Microsoft word - case study.doc

Case study; Lisa

Lisa is a 34-year-old single female. She is a high school graduate and completed 1 year of
college. She was raised in an upper-middle-class family where academic and career success
was very important. She was the second of two children. Lisa was a good student, hard
working and somewhat self-critical. She was shy but had several friends and dated
occasionally. After graduation from high school Lisa went out of state to college. She
received passing grades her first year but began to experience auditory hallucinations and
delusions. She began to act in bizarre ways and withdrew from people. She was hospitalised
at age 18 for 1 month and dropped out of college. In the past 16 years she’s been hospitalized
12 times. Her family supported her financially when she has been unable to work for long
periods because of inpatient treatment in a psychiatric hospital. Her diagnosis was
schizophrenia, undifferentiated type. She took 500 mg of Thorazine daily and was medication
compliant.
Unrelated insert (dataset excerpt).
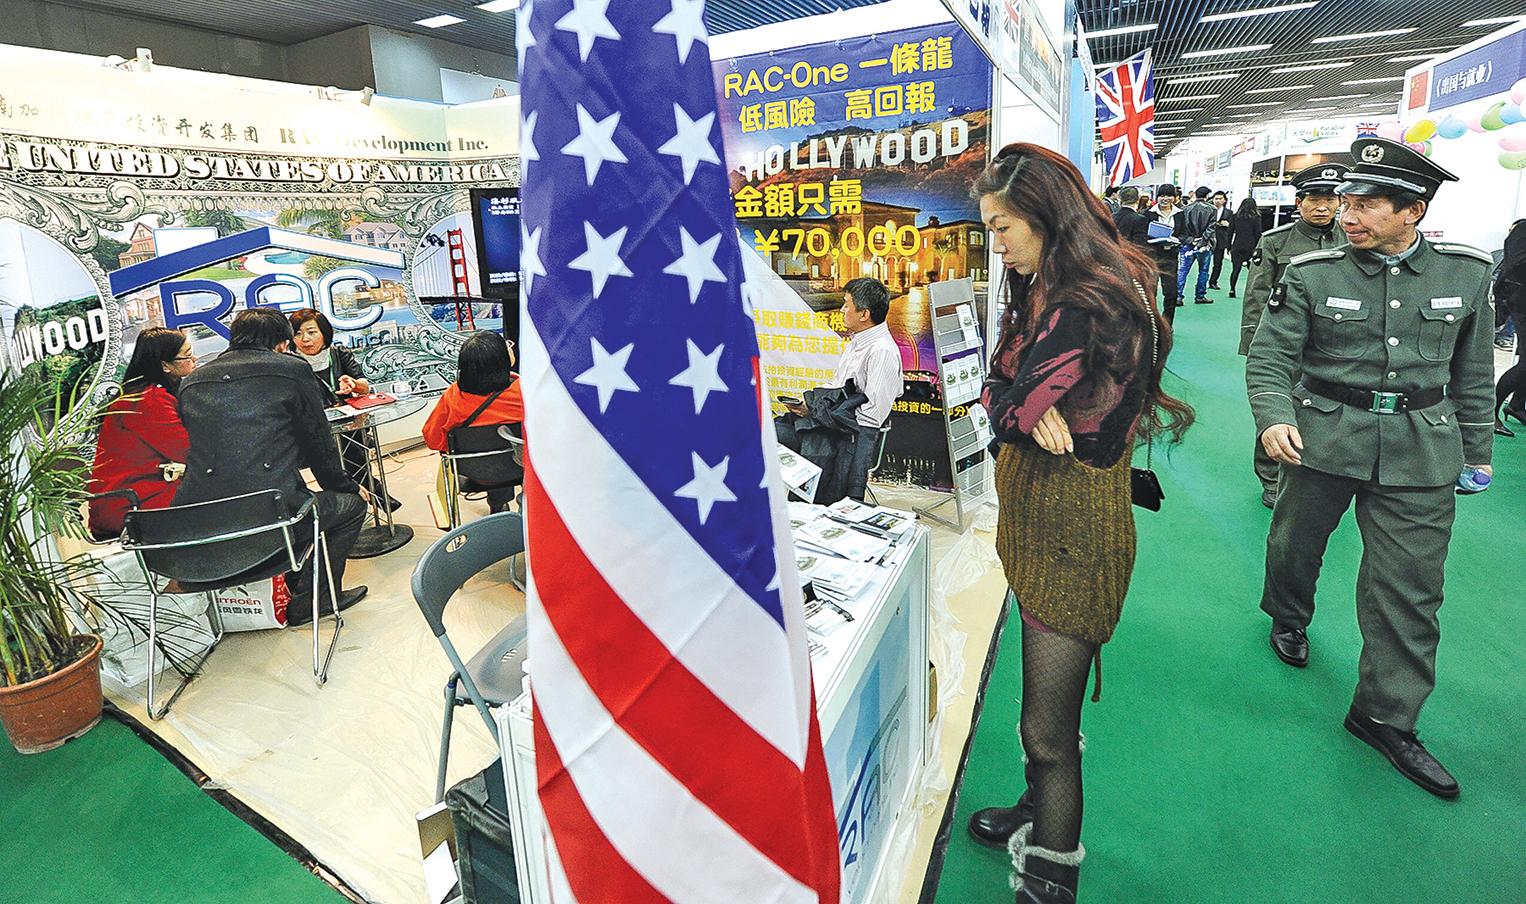 嘴裏說社會主義好的香港有錢人,在紐約、倫敦、溫哥華買房子、拿身份。因為他們需要的是自己的生命權、自由權、財產權的安全。圖為2012年4月在北京舉行的海外和中國房地產博覽會上,人們在關注美國房地產。(Getty Images)
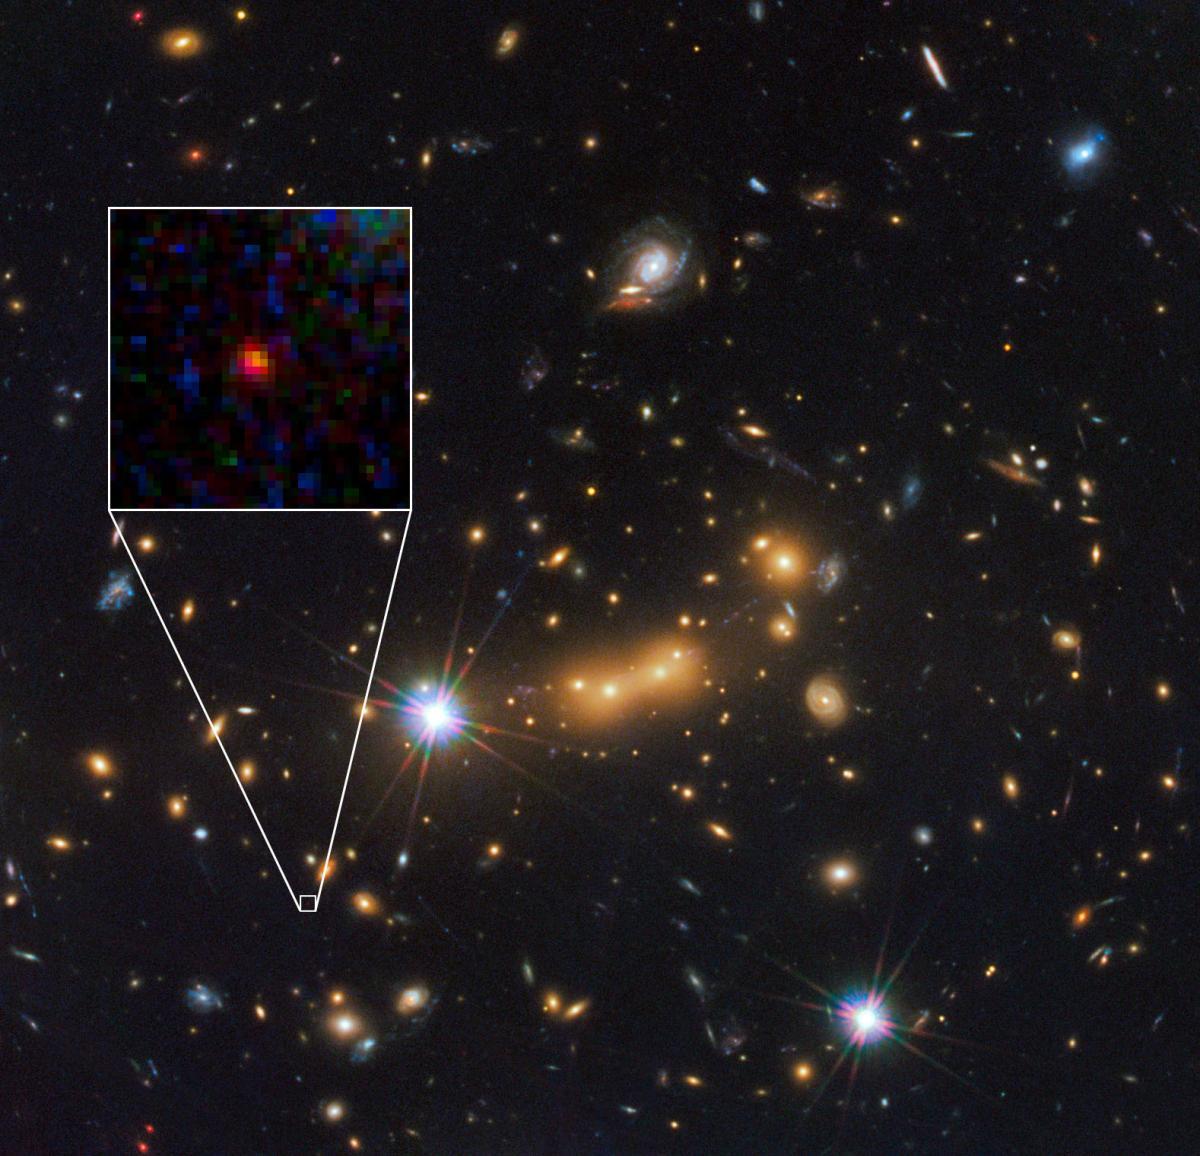 Las galaxias lejanas se ven más rojas que las galaxias cercanas. Este hecho observacional básico es una de las motivaciones observacionales de la teoría del Big-Bang. En la foto, entre otras galaxias resaltadas, aparece la imagen rojiza de la galaxia MACS0647-JD, una de las más remotas jamás observadas (crédito: NASA/Hubble)

She used to live with her parents, but in the last 5 years she has lived alone in a flat
with opportunities to get help and support from……………as part of her discharge plan to
help her adapt to the demands of community living and manage her illness.
Cognitively she experienced auditory persecutory hallucinations and delusions as well as
frequent cognitions like, "I'm no good," "I can't do anything," "I'll always be this way."
Affectively she had flat affect and anxiety related to interpersonal situations and tasks and the
content of the hallucinations and delusions. Interpersonally she was withdrawn and socially
isolated. Behaviourally she was inactive, unable to work or live independently. Her basic self-
care was severely limited.
Lisa’s psychosocial functioning was significantly impaired by the interaction of her illness
and her methods of coping the hallucinations, delusions and cognitions interfered with her
functioning. Lisa’s difficulties in managing stress, anxiety and her symptoms led often to
inactivity. Lisa would spend much of her time in bed, watching TV and smoking. She often
failed to get up in the morning, to eat properly and to take care of her personal hygiene (take
showers, clean at home, do the laundry and the dishes). When she would consider doing some
activity or was requested by her parents to do something, she would become anxious and
hallucinations and delusions would increase. She would think that the task was too much for
her. She coped with the stress of her symptoms by apathy and withdrawal. Her coping
methods of avoidant behavior toward tasks and interpersonal situations in turn increased
anxiety, negative cognitions and psychotic symptoms.
Social situations were a major source of stress in her life. Many problems in social relations
were due to errors in social perceptions of self and others. Lisa frequently had problems
reading social cues and would interpret them by overgeneralizing, personalizing, and selective
abstraction. Lisa took a class at the community college and worked together with a few other
people with common diagnoses and under supervision 10 hours a week at a horse stable.
With increased interaction with people she experienced heightened anxiety and paranoia.
Even thou Lisa made major progress in various areas of her life, she frequently experienced
anxiety, fears and hopelessness regarding relapse. Lisa’s self-esteem was also impaired by
frequent self-criticism and negative comparison to other non-ill individuals. Selective
perception and attributions of negatives to oneself and positives to others were common. She
would experience anxiety, fatigue or depression that was of a low level and within normal
limits and interpret them as "I'm going crazy." Her experience of vulnerability and issues of low frustration tolerance, overgeneralizing and catastrophizing contributed to this problem. Lisa interests were painting and crafts. She was also interested in music. Her goals in life were to find and to share a normal life with a husband and to establish a family together with him. Questions for group discussions: 1.What kind of economical support and maintenance can Lisa get? 2.Can we try to improve Lisas daily-life situation by offer her support regarding social services? 3.Is it possible to exercise some sort of collaboration between medical care and social services efforts for Lisa?